Everyone Is Entitled To My Opinion On Bath Night



by Paul Big Bear
Dear Friends,
      “Saturday night, bath night!”  There was a time when Saturday night was bath night, the whole family bathed, one at a time in the same tub and the same hot water carried bucket by bucket to fill the tub; father first, mother next, then the children oldest to youngest. The water became dirtier with each bath thus the saying “Don’t throw the baby out with the bath water.” But this was how folks who worked the land, the mines, or other hard sun up to sun down jobs, readied for Sunday when the family would don their Sunday go to meeting clothes and gather with friends and neighbors.

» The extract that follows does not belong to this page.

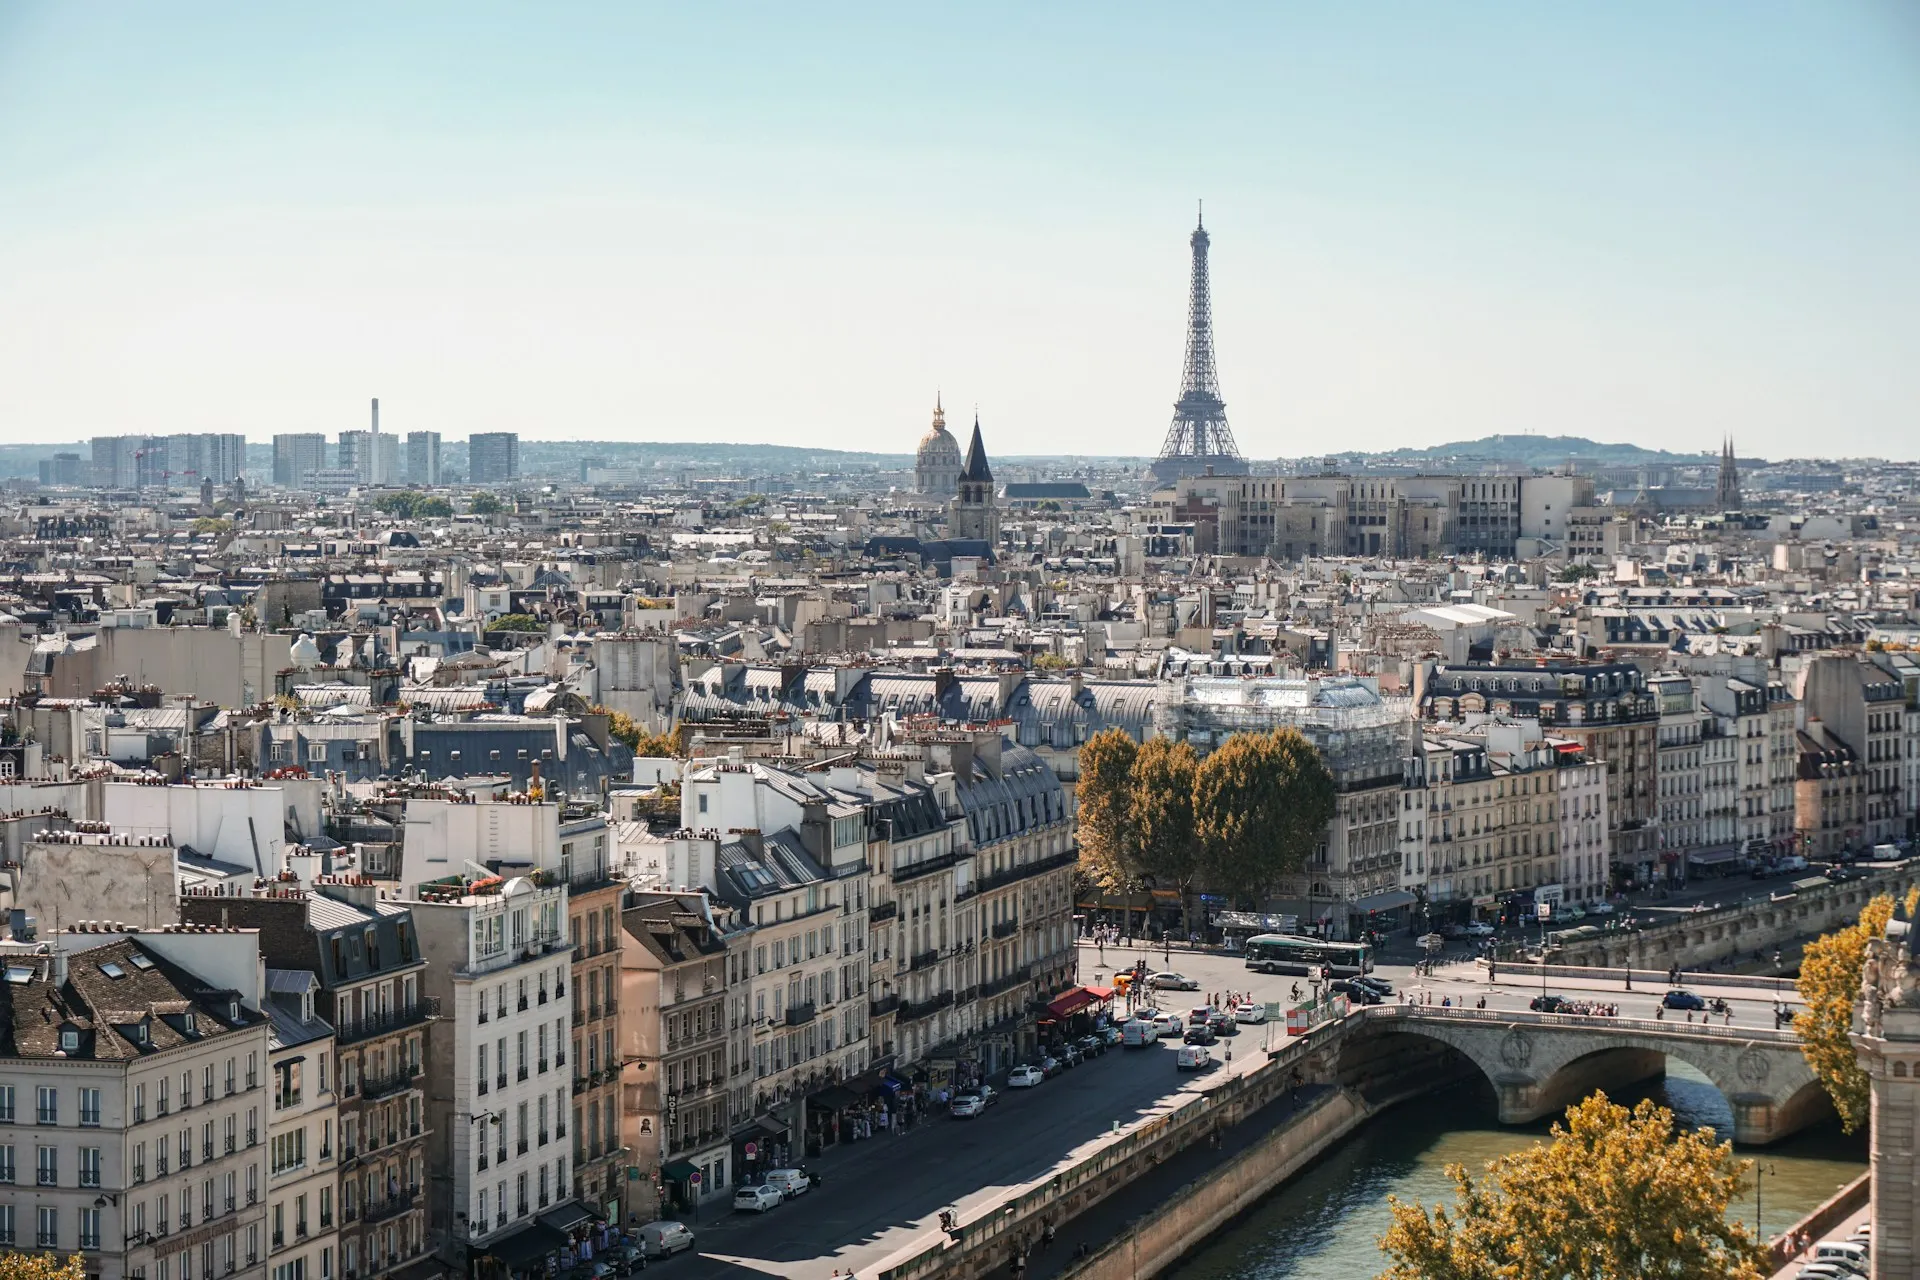 Cityscape of Paris. Source: Photo by Alexander Kagan on Unsplash

       As a young man I often heard “Saturday night, bath night.” Oh we bathed every day, indoor bathing too, we had a bathtub, a big iron claw foot one with hot and cold running water, and a shower head with a circular shower curtain for those who preferred to stand up while getting clean. A bar of lye soap or Fels Naptha was our bath soap, body and hair, and we had a back brush in truth it got used all over. Fels Naptha was also laundry soap, dish soap, and clean most everything soap. Summertime we bathed in the lake, in shallow water since those soaps when dropped sank, how special was it when someone came home with a bar of Ivory Soap that floated.
        By the time I entered high school bathing was a lot different, Mom had her soap that smelled real flowery, dad had a man’s soap, no pretty smell just serious dirt removal. Shampoo came in a bottle and we used it every time we bathed. A shower was nice, you rinsed off the dirt as fast as the soap cleaned it off but there was also something nice about having the choice of sitting in a hot tub and  soaking some of the sore out of your muscles.
       Yes the ritual of staying clean has come a long way, soft soap bars, liquid soaps, fancy wash cloths and sponges, deodorant soaps, fragrances of flowers, fruits, honey, and perfumes. You can have fragrant shampoos and cream rinses for your hair. Yes we have come a long way with our bathing habits. Now, about that shaving mug, brush, and straight razor.